Predoc course
- Data cleaning (missing values imputation)
- Normalization
- PCA
- LDA
- K-means
- Hierarchical clustering
- SVM
- Logistic regression
- KNN
Data cleaning
- Load behavioral and neural data from the 'noisy' folders and check for missing values.
- provide estimates for all missing values by following different approaches:
- manual
- univariate imputer
- multivariate imputer
- knn
Normalization
- Given a time series X, imagine applying the three following scaling to it. How do you expect X to look like in these three cases after the transformation and why?
X_{scaled} = \frac{X - \bar{X}}{\sigma_X}
X_{scaled} = \frac{X - X_{min}}{X_{max} - X_{min}}
X_{scaled} = \frac{X}{|X|_{max}}
- Apply all three scalings to some fluorescence traces and visualize them before and after scaling.
PCA
- Apply PCA to a fluorescence dataset, visualise the data in the PC1-PC2 space, plot the factor loadings and print the explained variance.
- Try the exercise above with different fluorescence dataset to se if/how the projected data differ.
- Use the behavioral data to color-code the 2D points: is there any cluster?
- What happens if we scale the fluorescence dataset before performing PCA?
Agglomerative clustering
- Explore the blob dataset with different distance thresholds and linkages.
from sklearn.datasets import make_blobs
x, y = make_blobs(n_samples=100, centers=2, cluster_std=0.8, random_state=65)
- Apply the agglomerative clustering to a fluorescence dataset and visualize the result on a lower-dimensional representation of your data (e.g. PCA).
- Visualize the dendrogram and explore different numbers of clusters.
K-Means
- Apply K-Means clustering to a fluorescence dataset and visualize the result on a lower-dimensional representation of your data (e.g. PCA).

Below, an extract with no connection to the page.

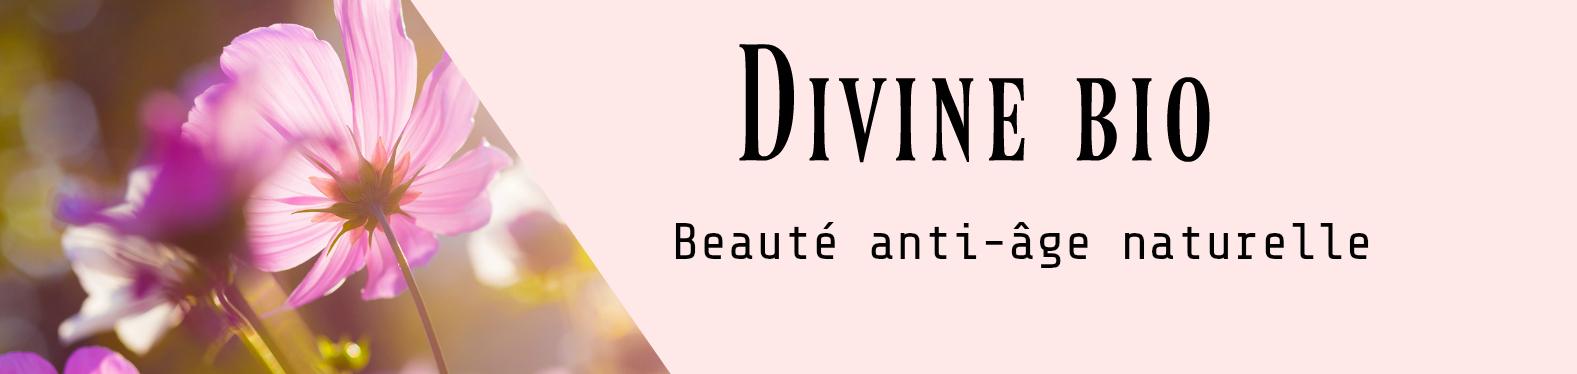 Divine bio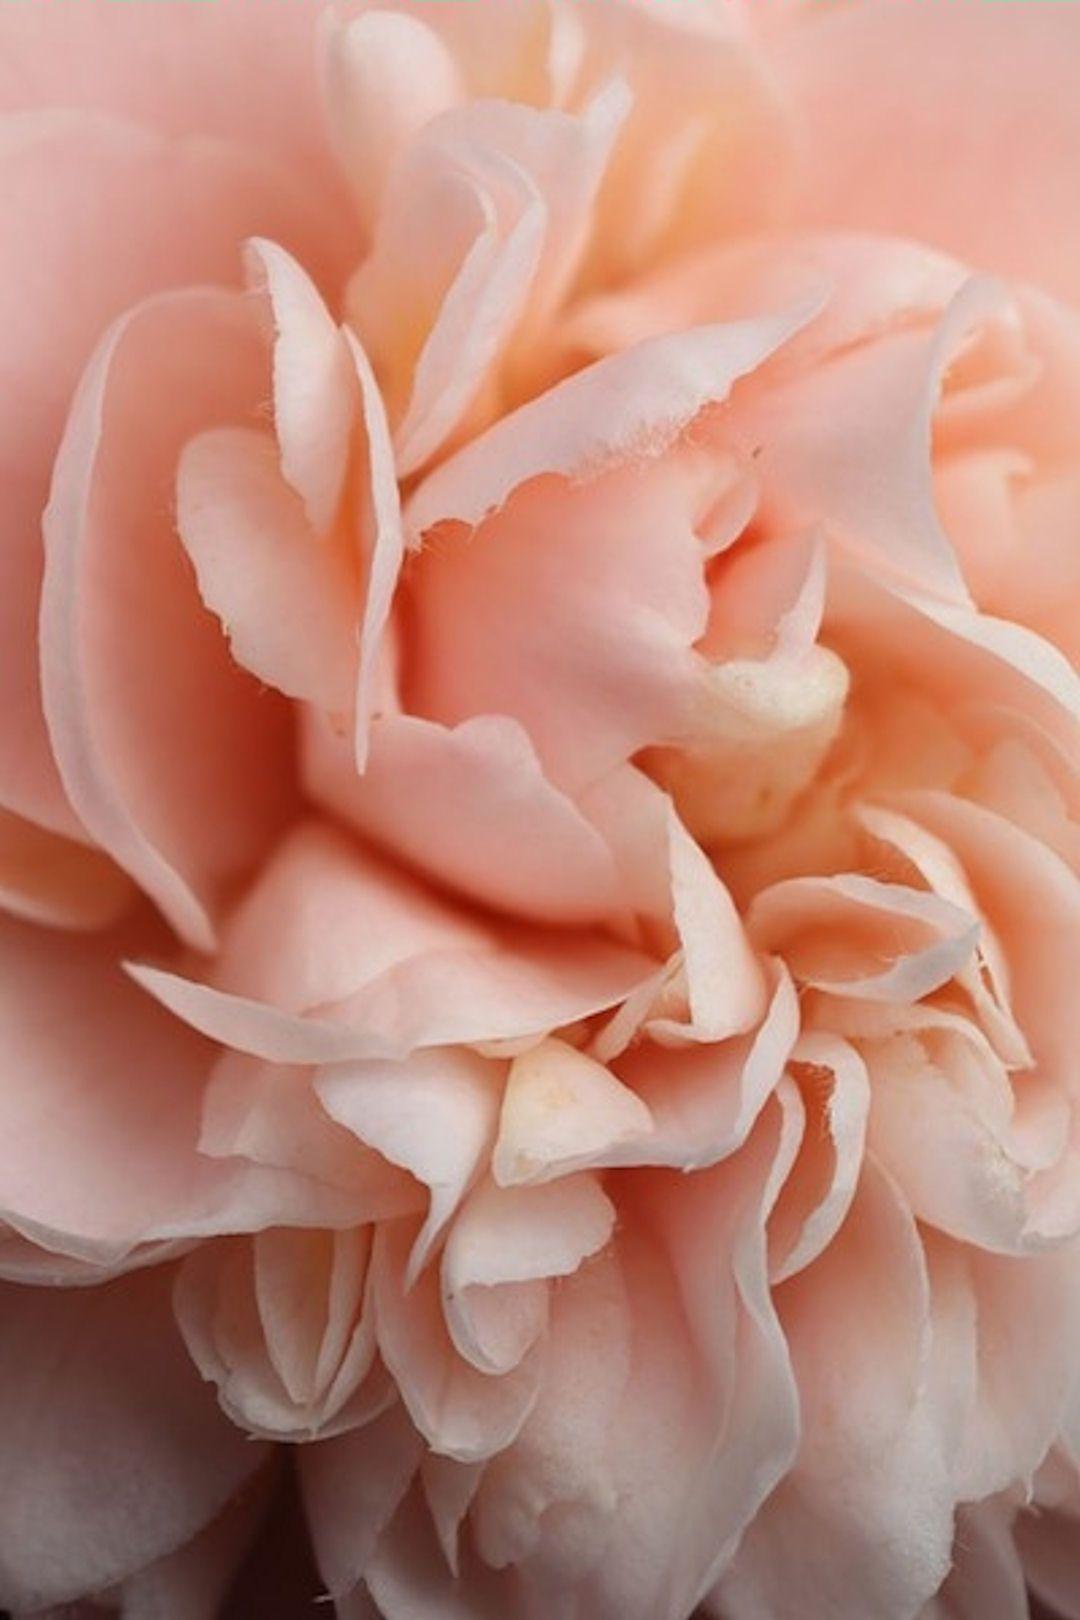 Such Pretty Soft Pink Petals | Flower Love | Pinterest

- Compare the result with the one obtained with Agglomerative Clustering. How do you evaluate the goodness of a clusterings?
LDA
- Apply LDA to fluorescence dataset and color by bahavioral label
- Compare result to PCA.
SVMs
- Apply SVM (for classification) to a training subset of a fluorescence dataset and test on the remainind data. Use some categorical behavioral data as classification labels. Compute the accuracy score.
- Compare different results obtained with different kernels.

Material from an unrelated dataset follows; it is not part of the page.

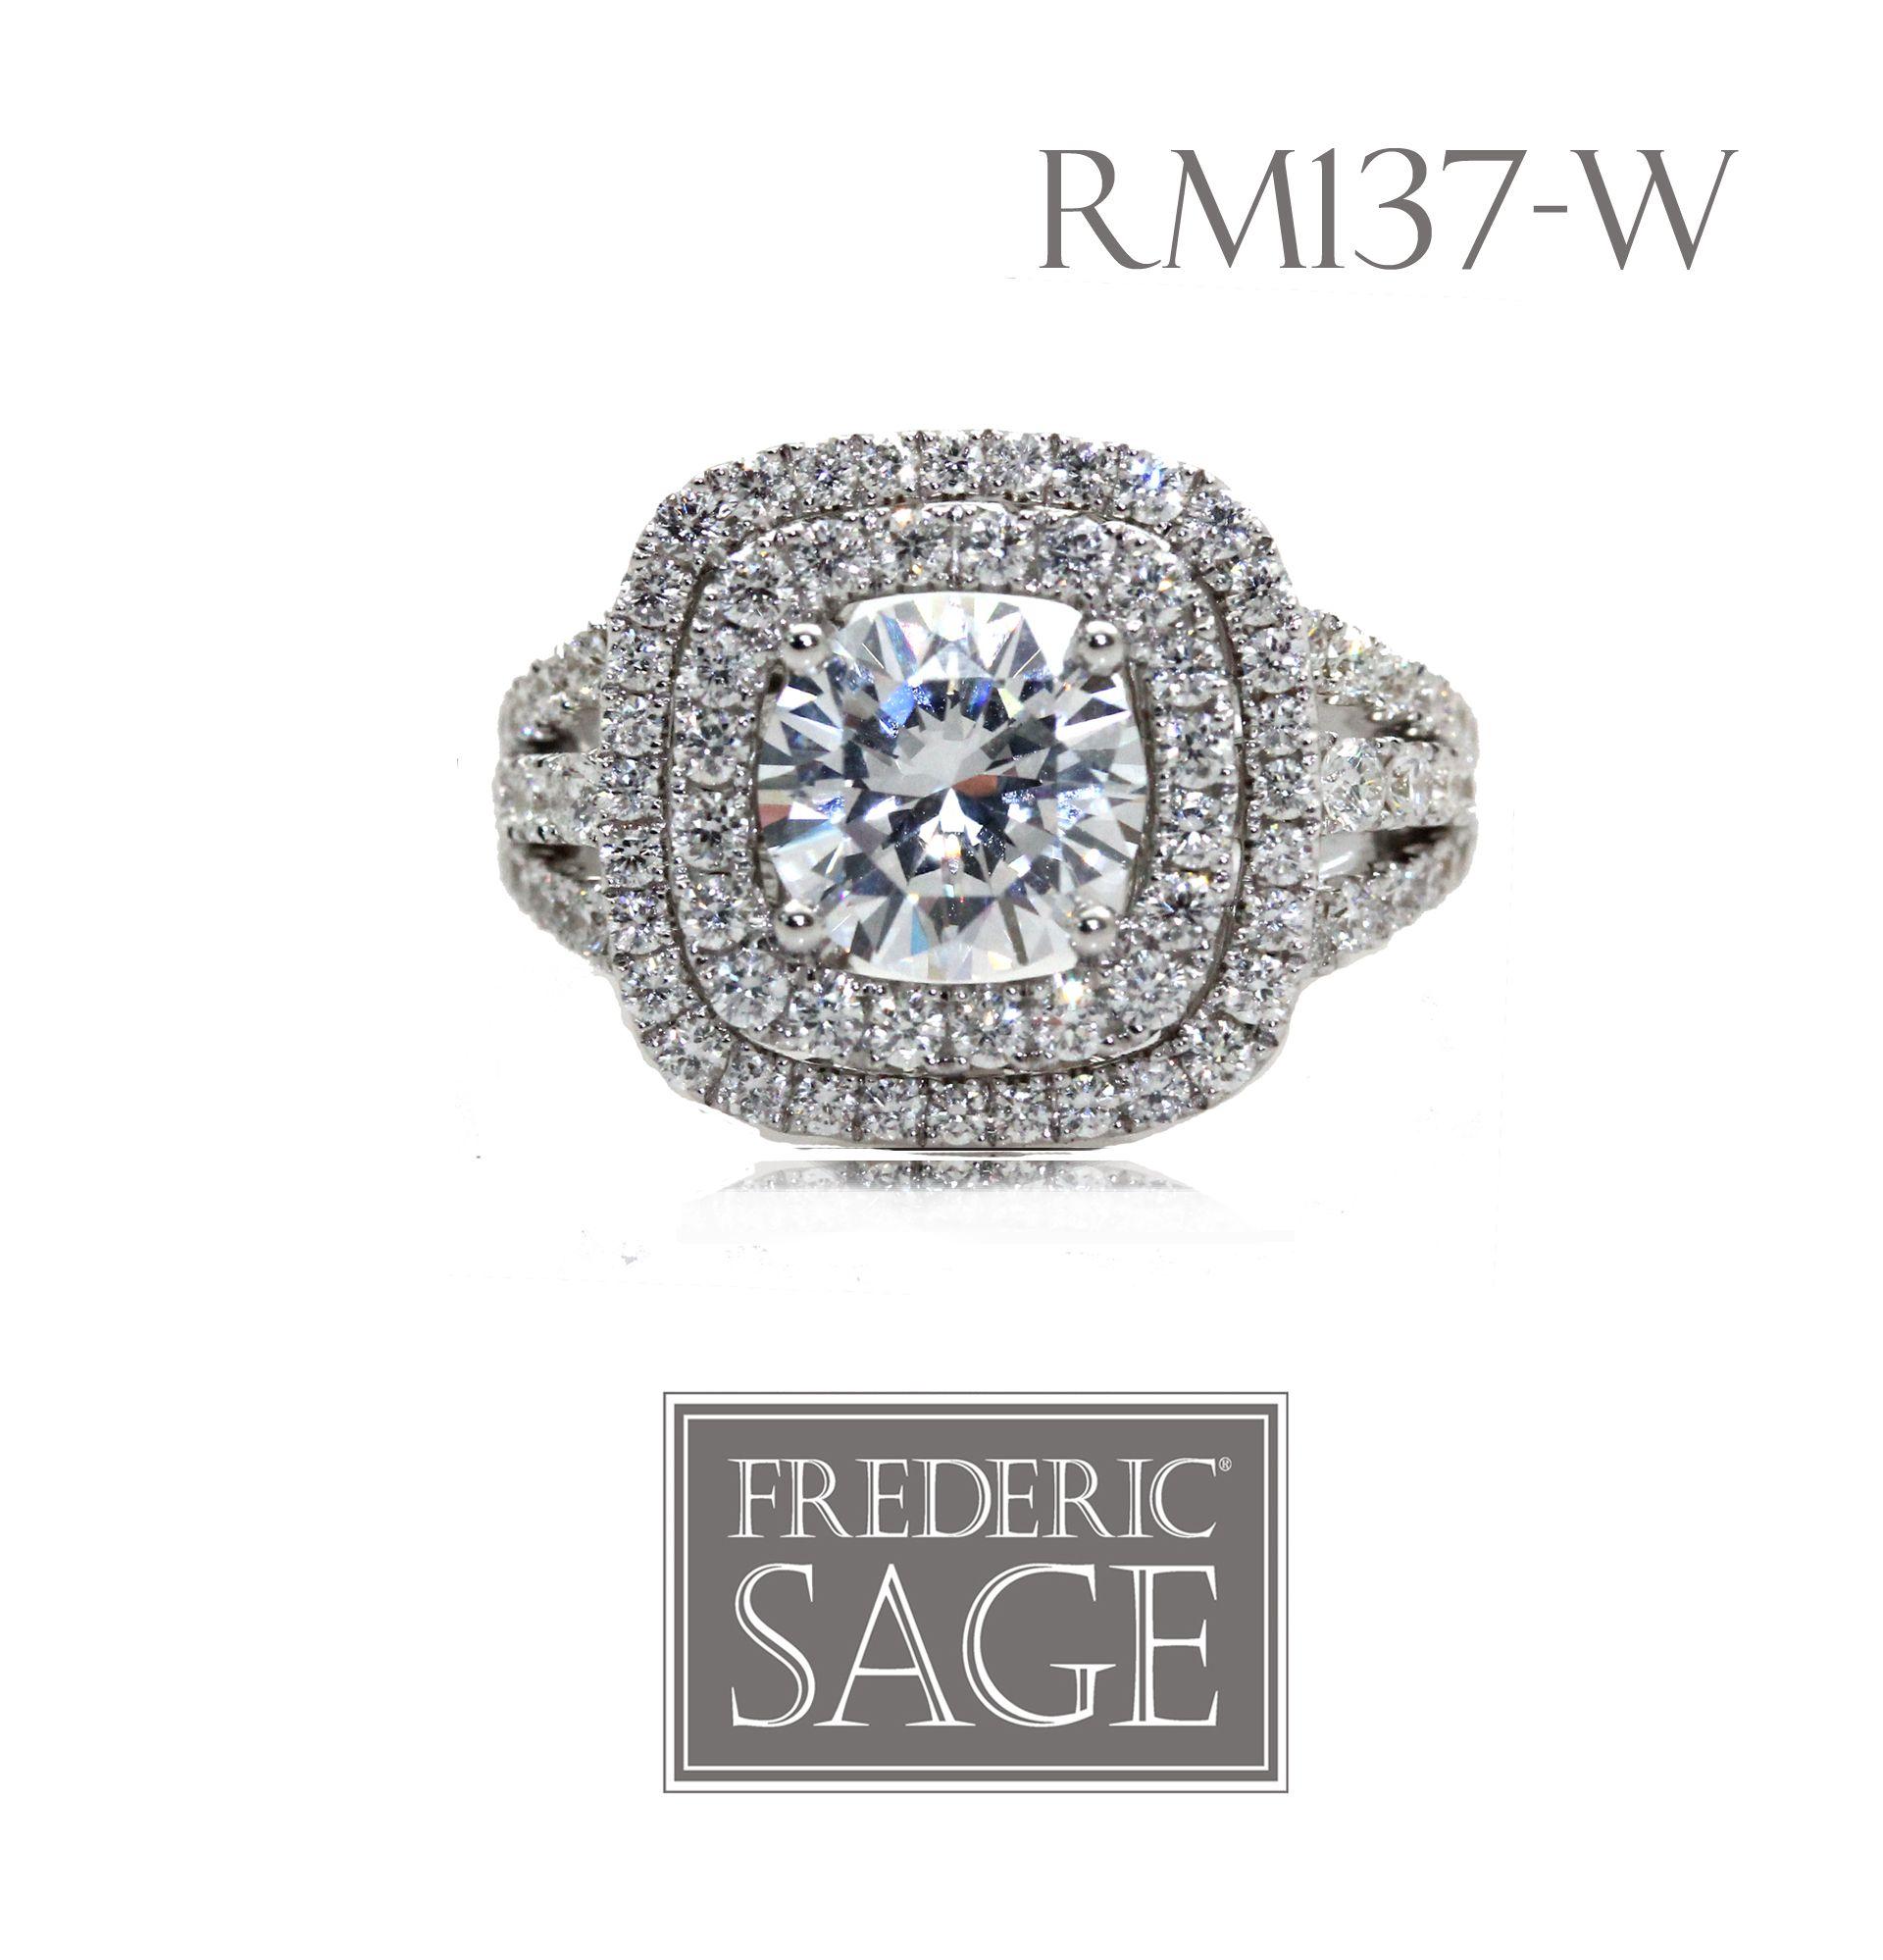 RM137 W Frederic Sage

- Apply PCA to the whole dataset and visualize only the test. Color-code using the labels predicted by SVM.
Logistic regression
- Apply Logistic regression to a training subset of a fluorescence dataset and test on the remainind data. Use some categorical behavioral data for as classification labels. Compute the accuracy score.
- Apply PCA to the whole dataset and visualize only the test. Color-code using the labels predicted by logistic regression.
KNN
- Apply KNN to a training subset of a fluorescence dataset and test on the remainind data. Use some categorical behavioral data for as classification labels. Explore different parameters for "weights" and compute the accuracy score.
- Apply PCA to the whole dataset and visualize only the test. Color-code using the labels predicted by KNN.
Hints
Data cleaning
- use pandas.DataFrame.isna and pandas.DataFrame.any
- sklearn.impute.SimpleImputer, sklearn.impute.IterativeImputer, sklearn.impute.KNNImputer. Note that this methods may require the data to be encoded as float values (pandas.DataFrame.replace)
Normalization
2. sklearn.preprocessing.StandardScaler, sklearn.preprocessing.MinMaxScaler, sklearn.preprocessing.MaxAbsScaler
PCA
- sklearn.decomposition.PCA
Agglomerative clustering 2. sklearn.cluster.AgglomerativeClustering 3. scipy.cluster.hierarchy.dendrogram, scipy.cluster.hierarchy.linkage
K-Means
- sklearn.cluster.KMeans
- sklearn.metrics.silhouette_score
LDA
- sklearn.discriminant_analysis.LinearDiscriminantAnalysis
SVMs
- sklearn.svm.SVC, sklearn.model_selection.train_test_split
- fit PCA on all data and transform only the test set.
Logistic Regression
- sklearn.linear_model.LogisticRegression, sklearn.model_selection.train_test_split
- fit PCA on all data and transform only the test set.
KNN 2. sklearn.neighbors.KNeighborsClassifier, sklearn.model_selection.train_test_split 3. fit PCA on all data and transform only the test set.